Cpt1a-flox Mouse

Cpt1a, short for carnitine palmitoyltransferase 1A, is a key rate-limiting enzyme in mitochondrial fatty acid oxidation (FAO) pathway [1,2]. This pathway is essential for energy homeostasis during fasting or prolonged exercise, especially in tissues with high energy demands. The conversion of acyl-coenzyme As into acyl-carnitines by Cpt1a is the rate-limiting step, enabling fatty acids to cross membranes and enter mitochondria for oxidation [1].

In various disease conditions, Cpt1a has been shown to play significant roles. In lung cancer, targeting Cpt1a induces ferroptosis and synergizes with immunotherapy. Cpt1a acts with L-carnitine from tumor-associated macrophages to drive ferroptosis-resistance and CD8+ T cells inactivation [3]. In nasopharyngeal carcinoma, the active FAO with up-regulated Cpt1a confers radiation resistance, and inhibiting Cpt1a re-sensitizes cells to radiation therapy [5]. In colorectal and esophageal squamous cell carcinomas, Cpt1a-mediated FAO promotes metastasis by inhibiting anoikis [6,8]. Also, in sepsis, mitochondrial STAT3 exacerbates the condition by driving Cpt1a-mediated FAO [4]. On the contrary, in chronic kidney disease, overexpression of Cpt1a in renal tubule protects from kidney fibrosis by restoring mitochondrial homeostasis [7].

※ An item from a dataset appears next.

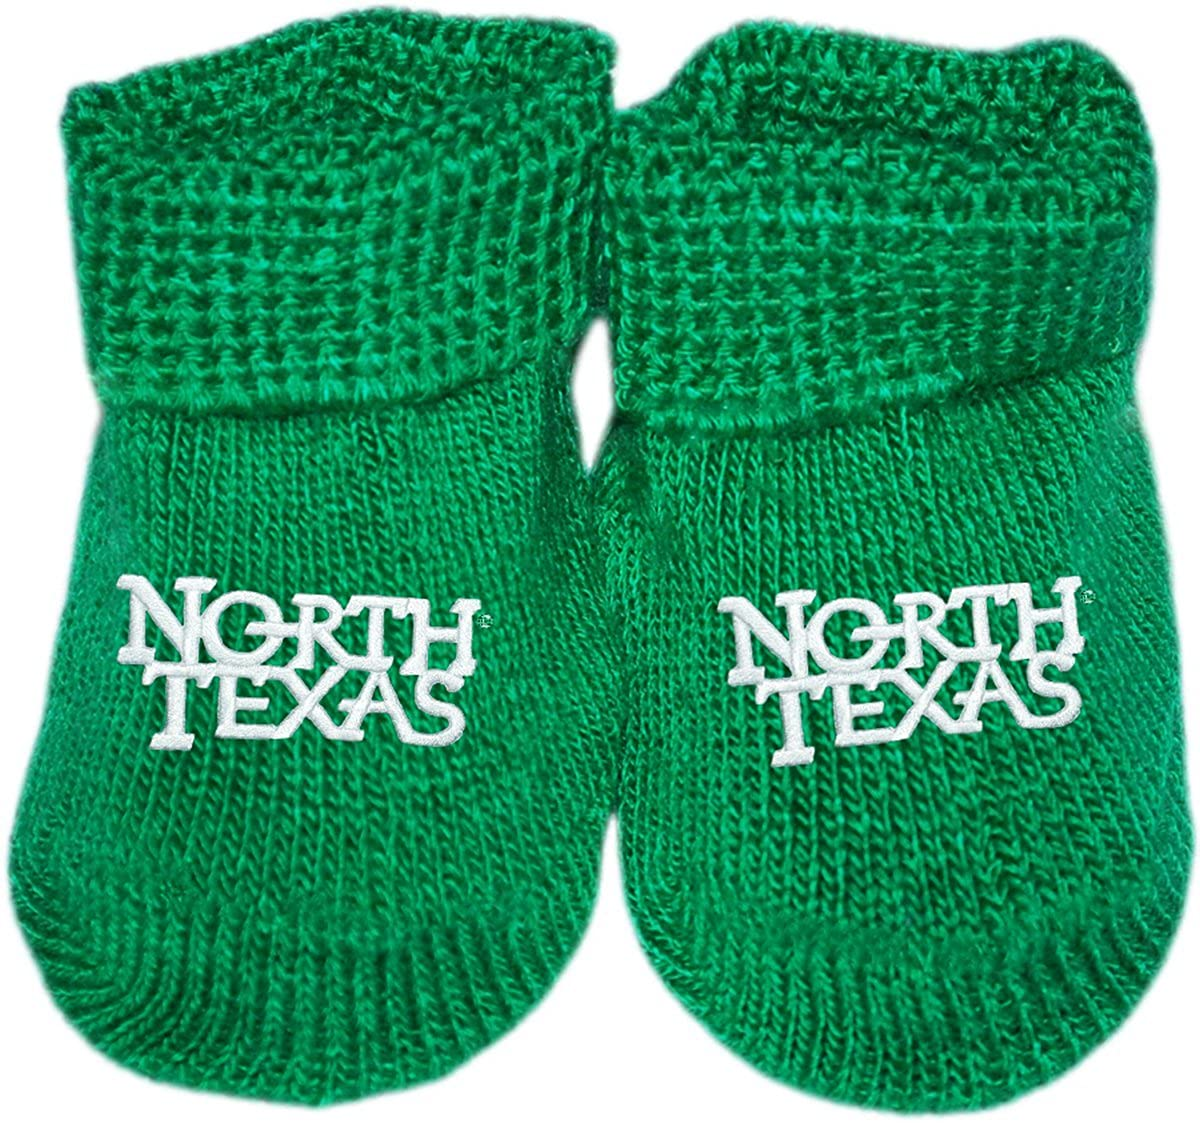 University of North Texas Newborn Baby Bootie Sock

In conclusion, Cpt1a is crucial for the FAO pathway and energy metabolism. Studies, especially those using gene-knockout or conditional-knockout mouse models in various disease areas such as cancer, sepsis, and kidney disease, have revealed its diverse roles. These findings provide potential therapeutic targets for treating related diseases by modulating Cpt1a-mediated processes.